Most of the units HUD plans to demolish are vacant [And have been for 2¼ years — Ed.], and many suffered heavy damage in Hurricane Katrina …
It’s economically irreparable, costing more to fix than it could be worth when fixed.
… but those who oppose their demolition say they should be improved instead.
With whose money? And why is renovating a fifty-year-old structure better than building a new one?

The C. J. Peete complex, ready for reoccupancy?
From a real estate perspective, I can tell you — it isn’t. Some properties have to go somewhere to die, and 2¼ years of moist emptiness after a hurricane is a death blow to those physical structures.
Critics of the plan say it will drive poor people from neighborhoods where they have lived for generations —
— but HUD denies that and says the plan will create an equal amount of affordable housing as existed before Katrina hit.
It would certainly be legitimate to question HUD’s credibility, given the moral bankruptcy of its Section 8 funding strategy, or the year-after-year starvation of public housing nationwide.

Are you questioning my credibility?
The council promised to monitor the redevelopment and make sure the poor have places to come back to, but those assurances did little to assuage opponents.
“The vote was already a done deal,” the Rev. Marshall Truehill said. “There were no concessions.”
If by concessions, Councillor Truehill means delays and hearings, these have been extensive already.
HUD had planned to begin demolition last weekend, but late last week agreed to allow the City Council to weigh in first.
Mayor Ray Nagin on Thursday brokered compromises with HUD Secretary Alphonso Jackson on how the redevelopment plan will be carried out, allowing more oversight, opening some new units and redeveloping two of the complexes in phases. He said it will ensure “that our fundamental principle that every resident has the right to return to better housing will not be empty promises but words in action.”

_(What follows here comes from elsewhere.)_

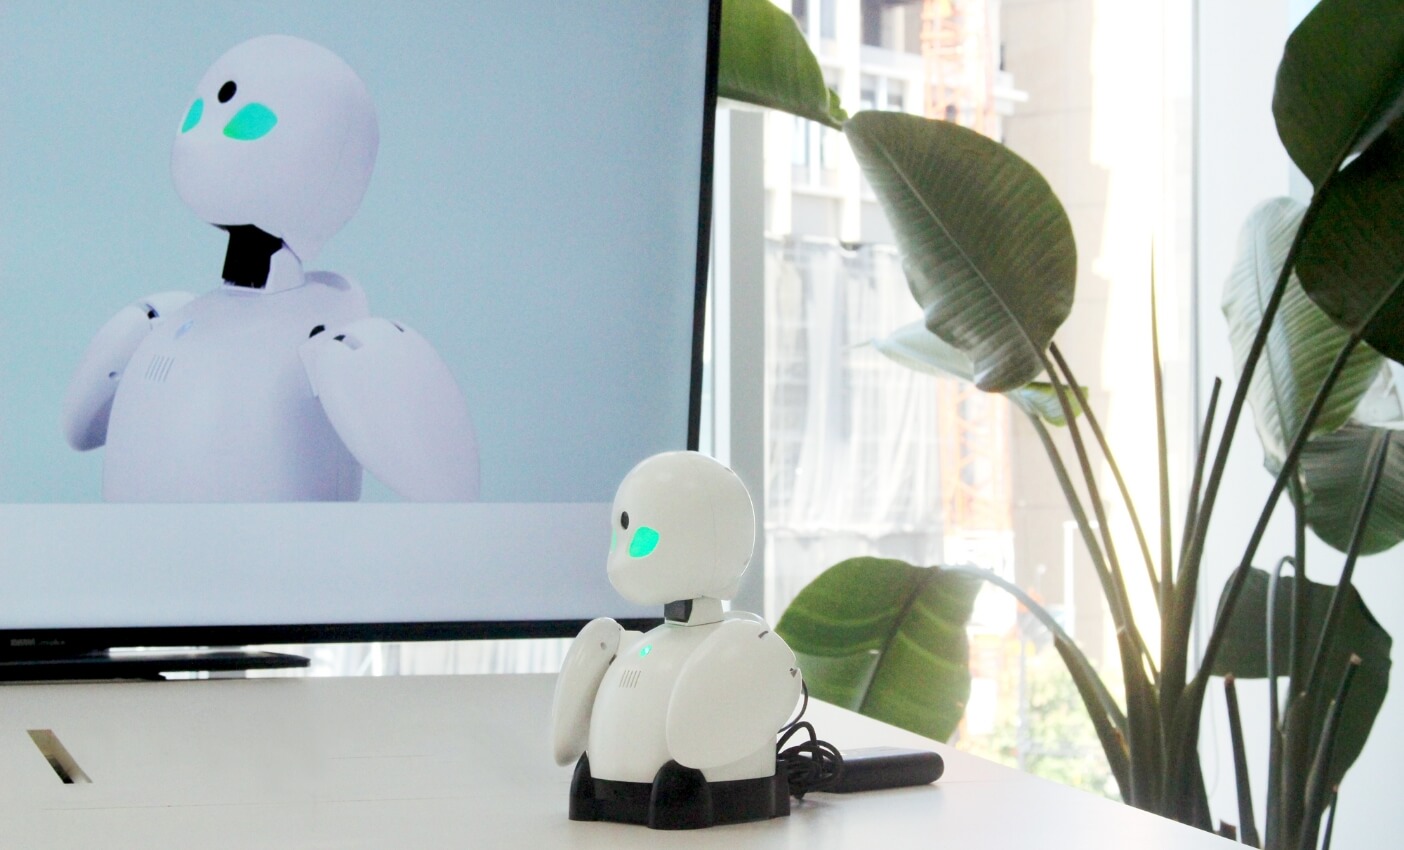 「孤独」という社会課題に人生をかけて分身ロボットOriHime(オリヒメ)を開発

HUD Secretary Jackson (third from left) and Mayor Ray Nagin (behind, right) opening 500 units of new housing in the Lower Ninth Ward
The vote itself was 7-0 — no one opposed demolition.
HUD officials said they hoped to be able to start demolition within weeks.
Critics, however, said the agreement amounted to minor changes. Endesha Juakali, a protest leader arrested on a charge of disturbing the peace [and an attorney whose law license has been revoked — Ed.], said Thursday’s confrontation with the council was not the last breath from protesters.
“For everything they do, we have to make them pay a political consequence,” Juakali said. He vowed that when the bulldozers try to demolish the St. Bernard complex, “it’s going to be an all- out effort.”
Then what, Mr. Juakali? After you’ve made ‘them’ pay ‘a political consequence,’ where will the housing come from?
For weeks, protesters have been gearing up to battle with bulldozers and have discussed a variety of tactics, including lying in front of the machinery.
How will lying down in front of bulldozers improve the housing?
Attorneys handling lawsuits to stop the demolitions said they have not exhausted their legal options. One suit is challenging the bidding process for selecting the developers while another one contending the demolitions are illegal is on appeal in the federal courts.
The whole show has a fundamental un-seriousness about it.

Let’s suppose for a moment that the Federal government is duplicitous, that it cares not a whit for the poor people, and that demolition is simply a pretext for dispersal. Opposing demolition, and showing no interest in the promises of rebuilding, actually helps your opponents. They don’t have to build anything new if they are spending time litigating their right to demolish the buildings. Meanwhile, the residents whom the advocates claim to represent have no housing, and must fund for themselves.
It’s a shame. The housing is mortally wounded and should be gone. Energy expended in preventing it from being torn down simply delays the time when new housing may arise.